La verità della storia
L’unico rapporto etico che si può avere con la grandezza (così anche con Cristo) è la contemporaneità. Rapportarsi a un defunto è un rapporto estetico: la sua vita ha perduto il pungolo, non giudica la mia vita, mi permette di ammirarlo… ma mi lascia anche vivere in tutt’altre categorie: non mi costringe a giudicare in senso deciviso”. Queste significative parole tratte dal diario di Kierkegaard possono identificare la singolare fisionomia cristiana del compianto Cardinale Giacomo Biffi.
Per questo ambrosiano divenuto arcivescovo di Bologna e cardinale della Chiesa Gesù è stato, anzitutto, quella presenza contemporanea capace di abbracciare e salvare, in ogni istante, la drammatica e affascinante esistenza di ogni uomo.
Giacomo Biffi ha dedicato la sua vita ad annunciare Gesù Cristo, Redentore dell’uomo, centro del cosmo e della storia. E l’ha fatto anche attraverso la riflessione teologica, ripristinando – per così dire – la figura del Vescovo Dottore che ha caratterizzato, lungo i secoli, i migliori pastori della Chiesa.

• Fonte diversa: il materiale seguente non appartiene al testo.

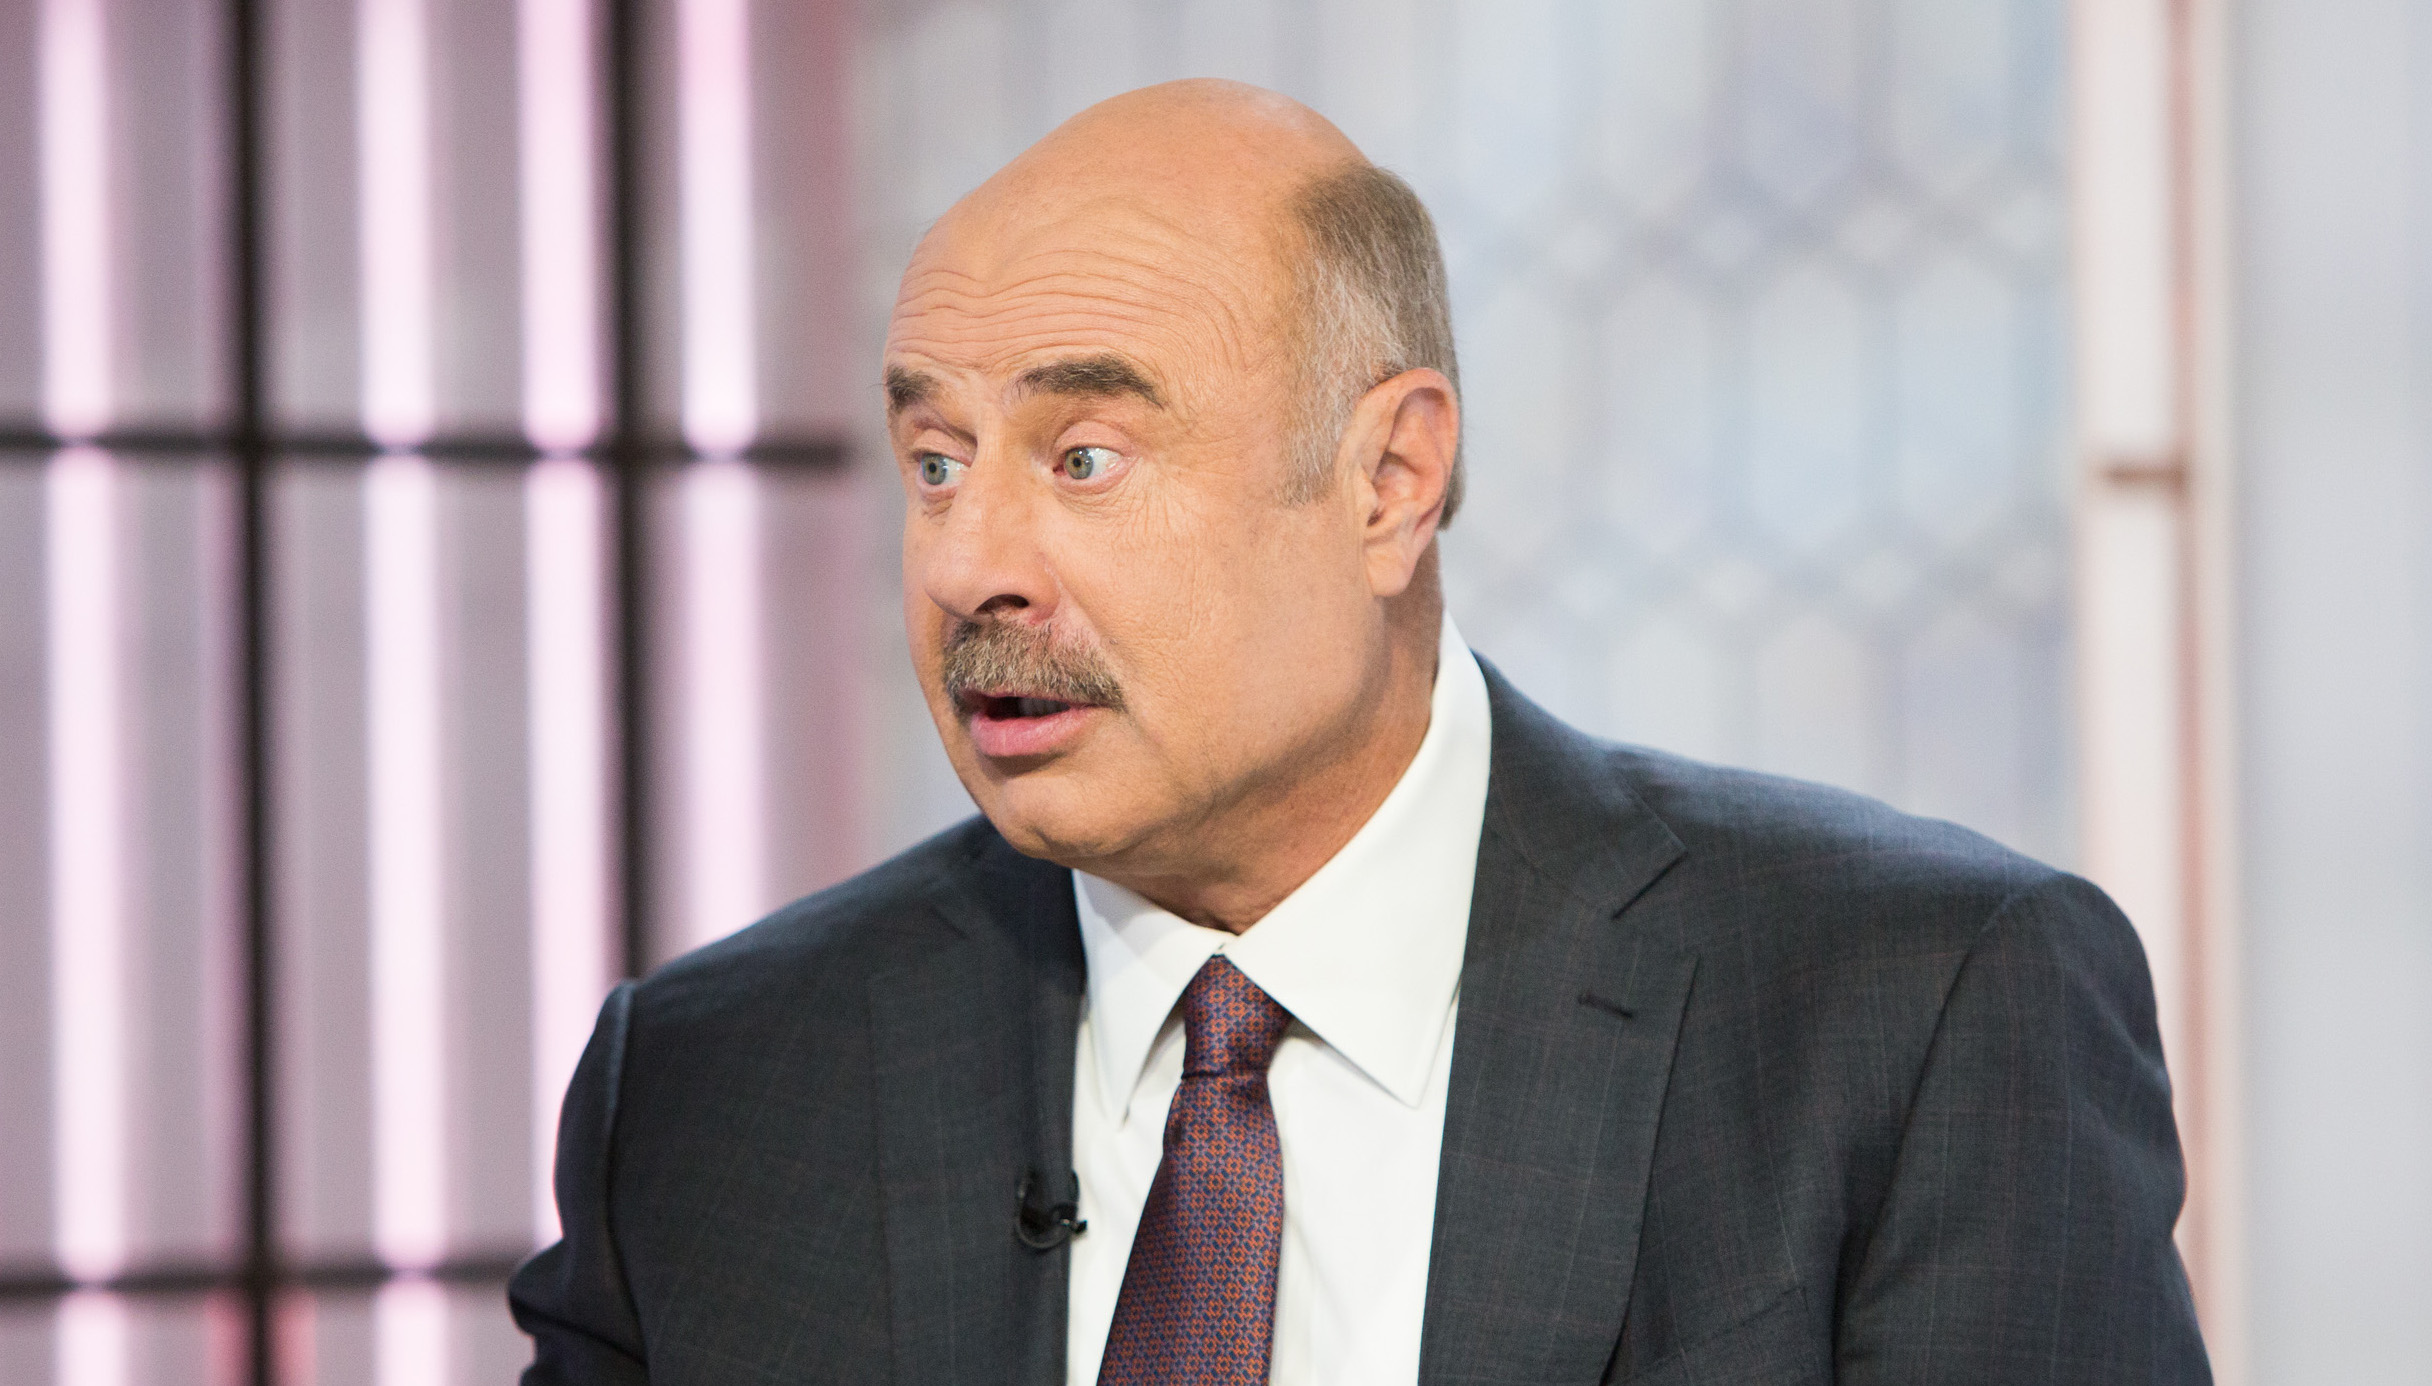 Dr. Phil Torches ‘The View’ Co-Hosts Over Impact Of COVID Lockdowns On Kids: ‘That’s A Fact’

Uno scritto suggestivo ed esemplare
“Il primo e l’ultimo. Estremo invito al cristocentrismo” è uno dei testi più suggestivamente esemplari del pensiero e della scrittura di Giacomo Biffi. Il suo carattere peculiare, che ne denota anche la modernità e l’originalità, sta nel fatto di essere una estrema variazione sopra uno spartito più volte eseguito dal compianto presule: il cristocentrismo. L’ipotesi cristocentrica si apre ad affrontare argomenti non solo decisivi teologicamente, ma anche risolutivi dal punto di vista dell’esperienza cristiana come tale. Mi riferisco, tra gli altri, ai temi della predestinazione, della creazione, del fine dell’incarnazione, della preesistenza di Gesù. A essi si lega l’obiezione radicale di origine illuministico-romantica ma che, come un tarlo, continua a rodere anche la coscienza credente di molti cristiani di oggi: “Come superare il maledetto fossato che mi separa da Gesù Cristo?” (Lessing) se Egli fosse irriducibilmente legato alle coordinate spazio-temporali di duemila anni fa. Infatti solo se Cristo è presente a me qui e ora mi può salvare.
Perché il Cristocentrismo?
Una considerazione rigorosa dell’esperienza umana rivela la natura insuperabilmente drammatica di ogni singolo uomo. L’uomo può interrogarsi sulla sua essenza solo dall’interno della sua esistenza. Egli è da sempre sulla scena del gran teatro del mondo e non può decidere quale personaggio interpretare prima di recitarne la parte . Questa sua struttura drammatica o paradossale segna ogni atto di libertà che il singolo uomo compie. L’uomo è portato a interrogarsi sulla sua natura, che a prima vista appare enigmatica: ogni singolo esiste ma non ha in sé il fondamento del proprio esistere. Infatti egli non era, ora è, ma domani non sarà: è finito. Che essere è mai un simile essere se non un enigma?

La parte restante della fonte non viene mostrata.